Saved entries
····················
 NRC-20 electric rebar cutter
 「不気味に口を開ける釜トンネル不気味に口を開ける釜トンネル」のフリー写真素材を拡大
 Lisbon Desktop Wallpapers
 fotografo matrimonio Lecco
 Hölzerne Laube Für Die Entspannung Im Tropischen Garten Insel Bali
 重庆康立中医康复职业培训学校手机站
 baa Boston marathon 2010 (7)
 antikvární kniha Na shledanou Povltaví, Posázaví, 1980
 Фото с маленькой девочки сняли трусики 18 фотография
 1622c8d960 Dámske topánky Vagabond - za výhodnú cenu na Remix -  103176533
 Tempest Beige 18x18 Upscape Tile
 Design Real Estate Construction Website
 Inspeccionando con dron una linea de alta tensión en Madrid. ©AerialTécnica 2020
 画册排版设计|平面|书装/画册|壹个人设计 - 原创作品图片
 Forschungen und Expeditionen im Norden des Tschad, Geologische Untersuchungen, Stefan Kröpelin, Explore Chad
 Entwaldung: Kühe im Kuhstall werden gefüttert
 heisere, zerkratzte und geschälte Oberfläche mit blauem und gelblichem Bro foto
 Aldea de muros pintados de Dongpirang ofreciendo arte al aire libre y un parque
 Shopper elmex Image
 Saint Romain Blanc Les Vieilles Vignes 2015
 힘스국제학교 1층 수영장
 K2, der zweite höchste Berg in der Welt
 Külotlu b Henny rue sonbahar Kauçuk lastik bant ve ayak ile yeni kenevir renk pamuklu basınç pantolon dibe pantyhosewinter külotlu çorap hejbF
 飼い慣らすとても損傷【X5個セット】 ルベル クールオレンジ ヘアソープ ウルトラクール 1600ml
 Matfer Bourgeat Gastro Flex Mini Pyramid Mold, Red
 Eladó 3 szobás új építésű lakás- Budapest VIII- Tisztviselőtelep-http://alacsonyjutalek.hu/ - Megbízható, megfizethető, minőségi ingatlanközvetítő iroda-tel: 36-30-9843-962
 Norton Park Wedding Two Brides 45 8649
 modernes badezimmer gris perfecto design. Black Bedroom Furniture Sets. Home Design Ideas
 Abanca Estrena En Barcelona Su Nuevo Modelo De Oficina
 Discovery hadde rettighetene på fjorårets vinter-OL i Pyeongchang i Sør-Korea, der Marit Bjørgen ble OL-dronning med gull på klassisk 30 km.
····················
How to complete this task:
Restate each record exactly as written.

Result of the task:
 NRC-20 electric rebar cutter
 「不気味に口を開ける釜トンネル不気味に口を開ける釜トンネル」のフリー写真素材を拡大
 Lisbon Desktop Wallpapers
 fotografo matrimonio Lecco
 Hölzerne Laube Für Die Entspannung Im Tropischen Garten Insel Bali
 重庆康立中医康复职业培训学校手机站
 baa Boston marathon 2010 (7)
 antikvární kniha Na shledanou Povltaví, Posázaví, 1980
 Фото с маленькой девочки сняли трусики 18 фотография
 1622c8d960 Dámske topánky Vagabond - za výhodnú cenu na Remix -  103176533
 Tempest Beige 18x18 Upscape Tile
 Design Real Estate Construction Website
 Inspeccionando con dron una linea de alta tensión en Madrid. ©AerialTécnica 2020
 画册排版设计|平面|书装/画册|壹个人设计 - 原创作品图片
 Forschungen und Expeditionen im Norden des Tschad, Geologische Untersuchungen, Stefan Kröpelin, Explore Chad
 Entwaldung: Kühe im Kuhstall werden gefüttert
 heisere, zerkratzte und geschälte Oberfläche mit blauem und gelblichem Bro foto
 Aldea de muros pintados de Dongpirang ofreciendo arte al aire libre y un parque
 Shopper elmex Image
 Saint Romain Blanc Les Vieilles Vignes 2015
 힘스국제학교 1층 수영장
 K2, der zweite höchste Berg in der Welt
 Külotlu b Henny rue sonbahar Kauçuk lastik bant ve ayak ile yeni kenevir renk pamuklu basınç pantolon dibe pantyhosewinter külotlu çorap hejbF
 飼い慣らすとても損傷【X5個セット】 ルベル クールオレンジ ヘアソープ ウルトラクール 1600ml
 Matfer Bourgeat Gastro Flex Mini Pyramid Mold, Red
 Eladó 3 szobás új építésű lakás- Budapest VIII- Tisztviselőtelep-http://alacsonyjutalek.hu/ - Megbízható, megfizethető, minőségi ingatlanközvetítő iroda-tel: 36-30-9843-962
 Norton Park Wedding Two Brides 45 8649
 modernes badezimmer gris perfecto design. Black Bedroom Furniture Sets. Home Design Ideas
 Abanca Estrena En Barcelona Su Nuevo Modelo De Oficina
 Discovery hadde rettighetene på fjorårets vinter-OL i Pyeongchang i Sør-Korea, der Marit Bjørgen ble OL-dronning med gull på klassisk 30 km.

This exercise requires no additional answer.